Sarebbero più di un milione i bambini nella Repubblica Centrafricana che hanno urgente bisogno di aiuti umanitari, mentre quasi la metà di quelli sotto i cinque anni sono malnutriti. A renderlo noto giorni prima dell’arrivo del Papa è l’agenzia Onu per l’infanzia, l’Unicef.

«La violenza che ha afflitto questo paese ha avuto un impatto devastante sulla vita dei bambini», ha detto Mohamed Fall, rappresentante Unicef nella Repubblica Centrafricana. «Per far fronte ai bisogni umanitari abbiamo bisogno di un maggiore sostegno internazionale».

Secondo l’agenzia delle Nazioni Unite, il conflitto ha costretto circa mezzo milione di persone a cercare asilo nei paesi vicini, mentre i recenti attacchi ai convogli hanno ostacolato le consegne di aiuti e le azioni di soccorso.

Gli scontri tra le milizie dei Seleka e quelle degli Anti — balaka che si pensasse potessero dissuadere il pontefice dal mettervi piede, rischiano però di far slittare ancora una volta le elezioni del prossimo 27 dicembre già rimandate lo scorso ottobre.

L’arrivo di Francesco è previsto per domani: «Siamo fiduciosi che la visita del Papa sarà promuovere la riconciliazione in un paese che ha un disperato bisogno di pace» sostiene Fall.

Quest’anno l’Unicef ha ricevuto 37 milioni di dollari su circa 70 milioni di cui ha bisogno per provvedere a interventi di soccorso urgenti per i bambini più vulnerabili della Repubblica Centrafricana.

Secondo un rapporto delle Nazioni Unite visto in esclusiva dalla Thomson Reuters Foundation i ribelli nella Repubblica Centrafricana avrebbero rapito, bruciato e sepolto vive «streghe» in cerimonie pubbliche, sfruttando superstizioni ampiamente diffuse con l’obiettivo di controllare il territorio.
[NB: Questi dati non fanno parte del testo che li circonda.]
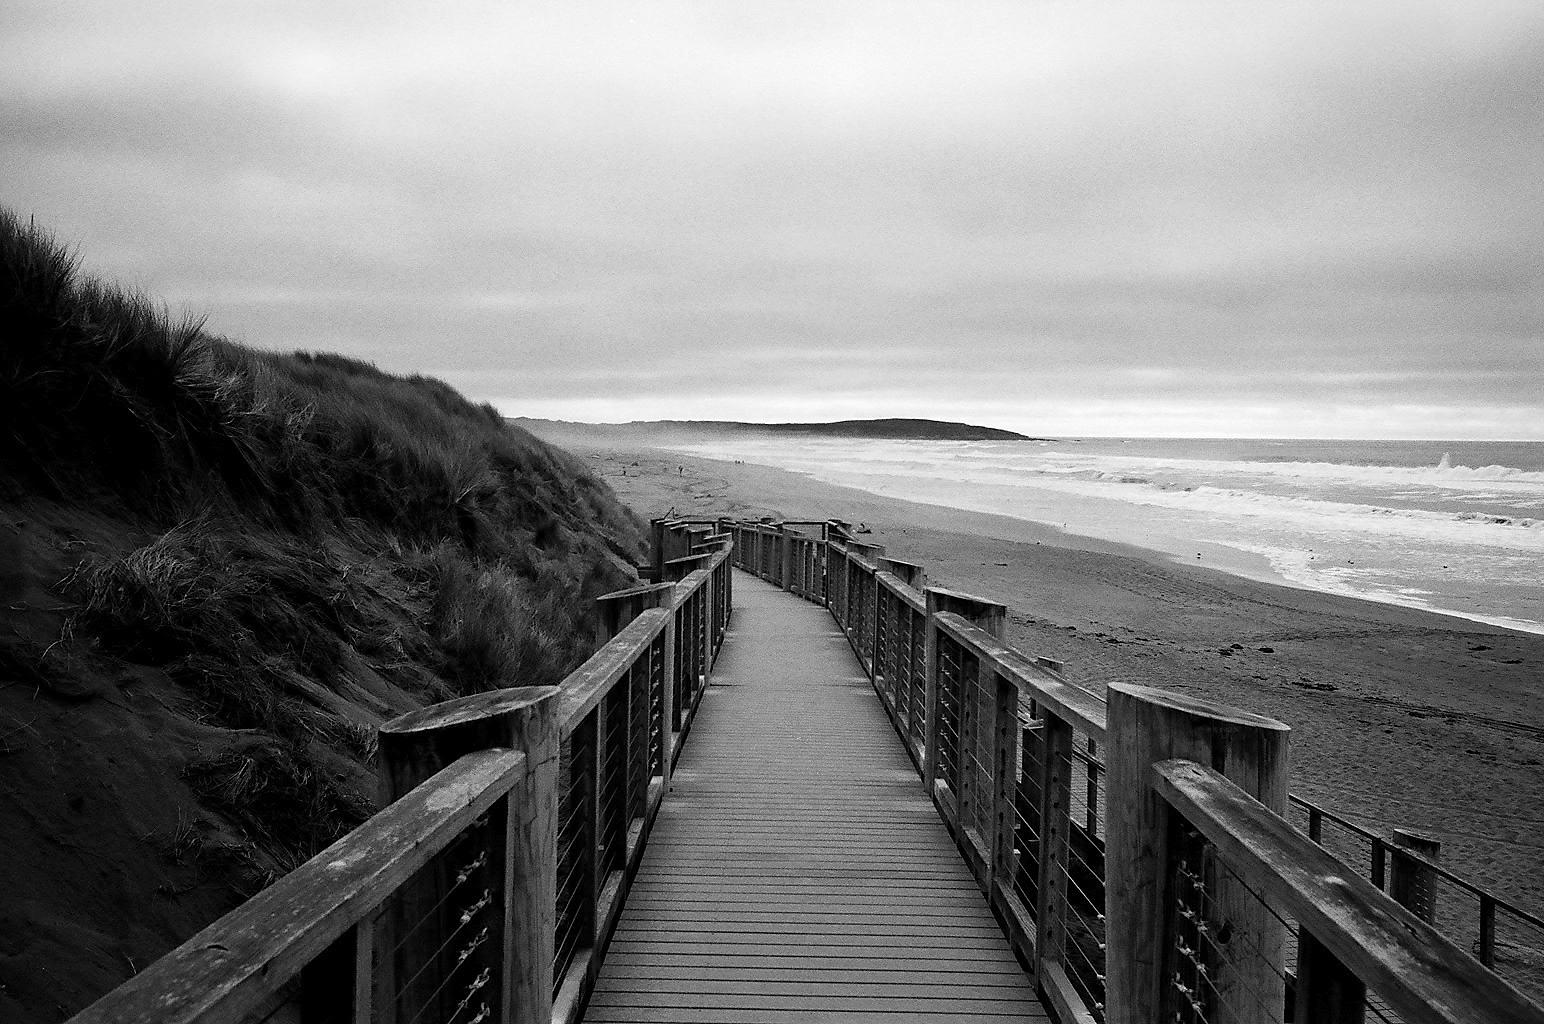 Sunday walk with Leica M4, 50 Summicron, Kodak Tmax 100

Il rapporto mostra fotografie delle vittime legate a pali di legno, nonché i torsi carbonizzati di quelli sottoposti al rituale.

Le torture sarebbero avvenute tra dicembre 2014 e l’inizio del 2015 sotto direttive dei leader della milizie Anti-Balaka (a maggioranza cristiana) che da più di due anni combattono in tutto il Paese contro i ribelli (a maggioranza musulmana) dei Seleka.

Secondo ricercatori dell’Onu, mentre la credenza nella stregoneria è comune in tutta l’Africa, in questo caso sembra che i ribelli Anti-Balaka abbiano sfruttato tali superstizioni per intimidire, estorcere denaro e esercitare autorità su aree senza legge.